第2の示唆として、ライトユーザーにラベリングをすることでヘビーユーザーがライトユーザーの正当性を認識することができる。ラベリングとはある事物や状況に命名することで、その事物や状況をカテゴライズし認知や記憶しやすくするものである(Becker [1973])。

ライトユーザーに対するラベリングとして、例えば、ライトユーザーがファンコミュニティに入る際に、企業が作成した試験を実施し、彼らに対してコミュニティ内の規範や価値を問うというものが考えられる。試験を通過したライトユーザーに証明書を与え、ラベリングを行う。これにより、まずライトユーザーがコミュニティの規範、価値を理解することができ、彼らに正当性獲得の機会を与えることができる。さらに、証明書を与えることで、彼らが正当性を獲得しているか否かをヘビーユーザーが知覚することが容易になる。

2. 他の産業における示唆

他の産業であっても、強力なブランド・コミュニティであれば、同様の示唆を得ることができる。つまり、強力なブランド・コミュニティがあるブランドでも顧客間コンフリクトがおこると、新規顧客がブランド・コミュニティ内に入ってくることができなくなるため、そのマネジメントが重要になる。例えば、Apple製品は強力なブランド・コミュニティを持っている。Apple製品のブランド・コミュニティは顧客間で製品知識を補完したり、アクセサリの一部を貸し借りしたりと顧客にとって非常に魅力的である。こうした顧客同士で影響を与えあうコミュニティ内で反発が生じると、ヘビーユーザーの離反にとどまらず、潜在顧客の態度にも負の影響をもたらす場合があることが本研究を通して明らかになった。したがって、これ以後は強力なブランド・コミュニティを持つブランドにおける顧客間コンフリクトのマネジメントについての示唆を述べる。
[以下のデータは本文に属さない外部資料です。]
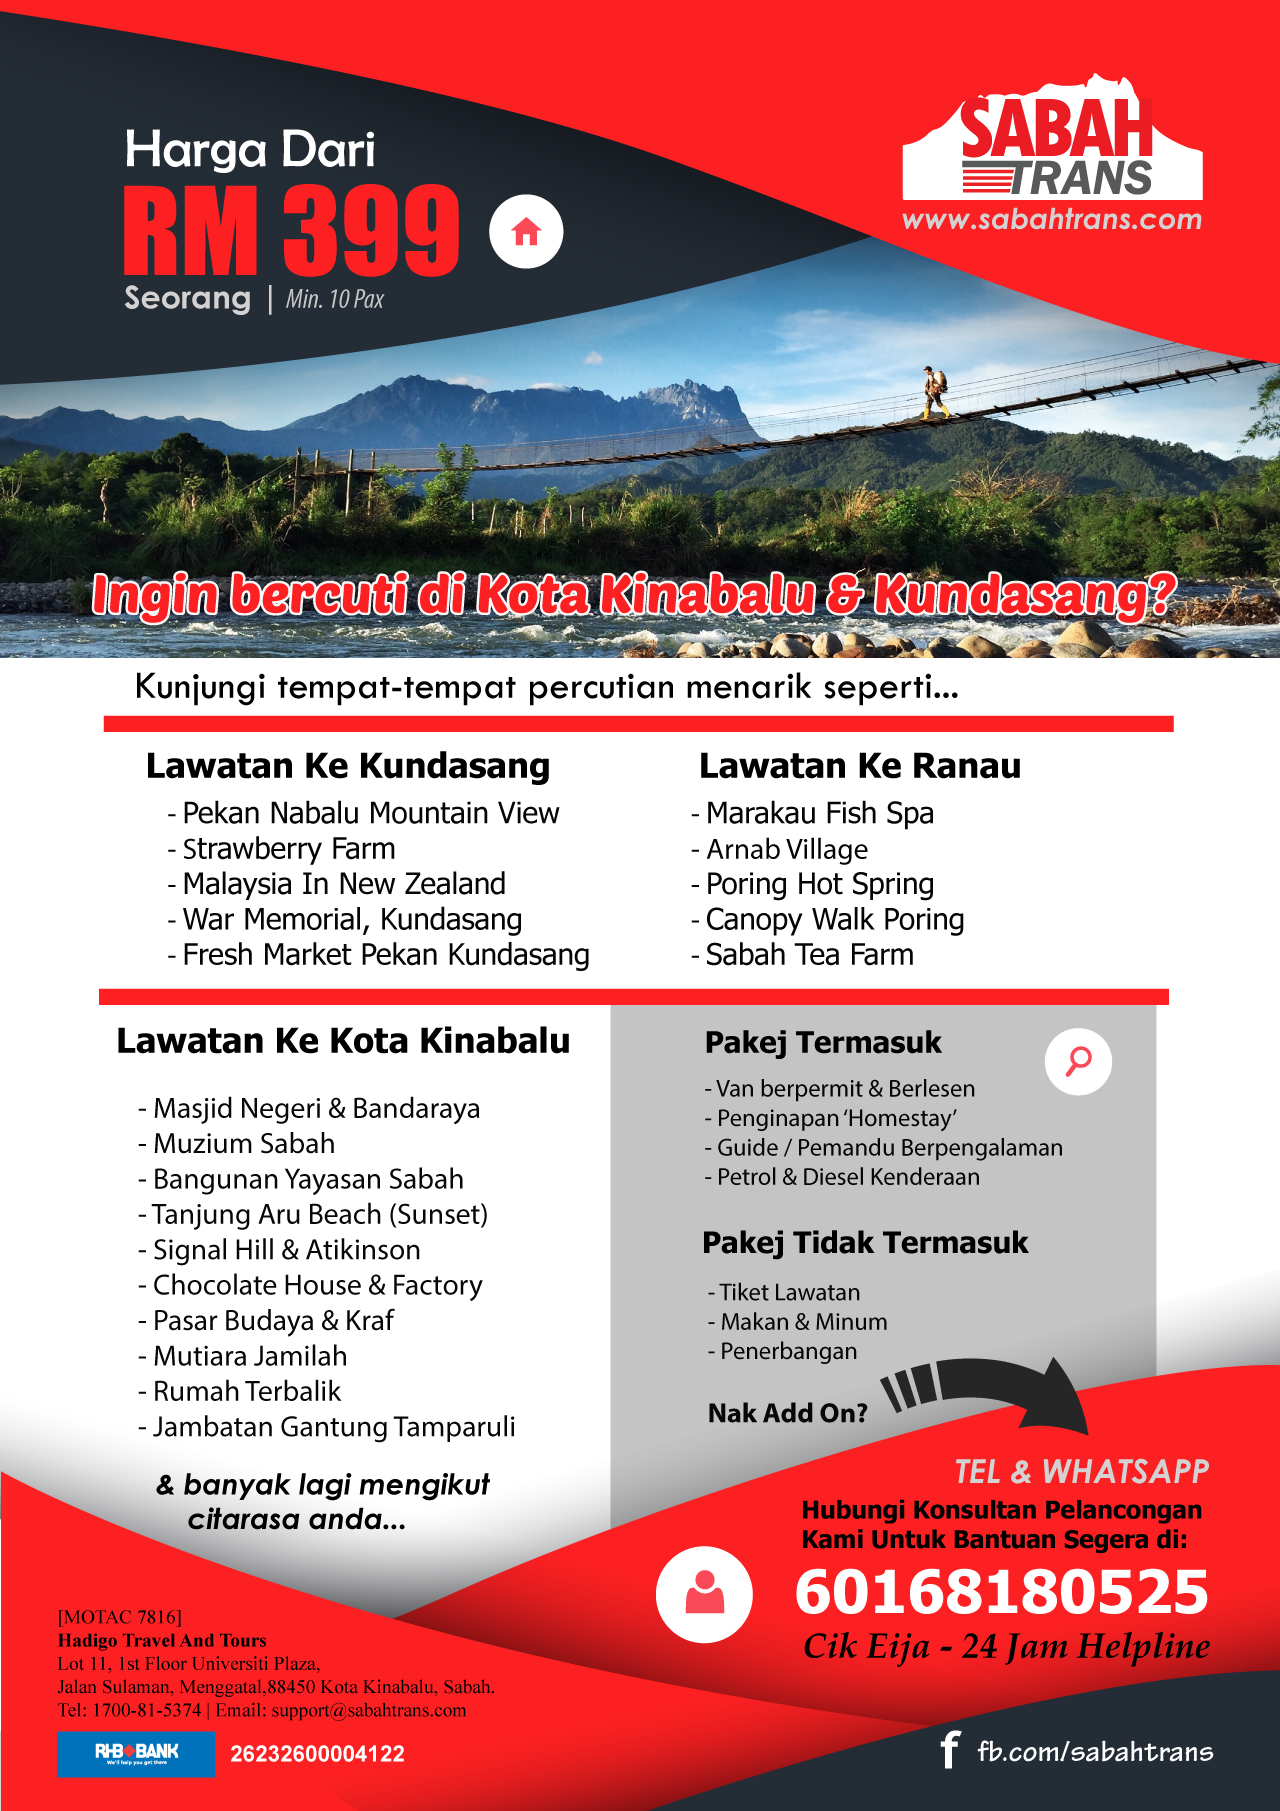 Bm Peluang Anda Dan Kumpulan Untuk Bercuti Di Kota Kinabalu Kundasang Sabah Www Sabahtrans Com Car Lease Sabah Tourism

第1の示唆として、ヘビーユーザーがライトユーザーに反発する場合でも、潜在顧客にユーザーの多様性を訴求することで潜在顧客の態度が高まるであろう。例えば、広告によってユーザーの多様性を訴求するとで、ブランド・コミュニティ内の様々な顧客の存在を示すことができる。潜在顧客がユーザーの多様性を知覚すると、そのコミュニティはどんな人も受け入れてくれると感じ、潜在顧客自身もコミュニティに入りやすいと認識するであろう。

第2の示唆として、製品の認知度が低い時はターゲットを明確にして新奇性を訴求することで潜在顧客の態度が高まる。反発がない時とは、ブランドがあまり認知されておらず、ライトユーザーが少ない時と考えられる。市場拡大前はライトユーザーが少ないからこそ、反発は少ないだろう。こうした段階のブランドの場合、多くのライトユーザーがコミュニティに入ってくる市場拡大後のように、ユーザーの多様性を訴求するのでは潜在顧客の態度は下がってしまう。画一的なイメージを訴求することで、ターゲットにイメージが明確に伝わり、潜在顧客の態度は高まるのであろう。したがって、ブランド・コミュニティの規模によって、広告の訴求点を変化させることが重要である。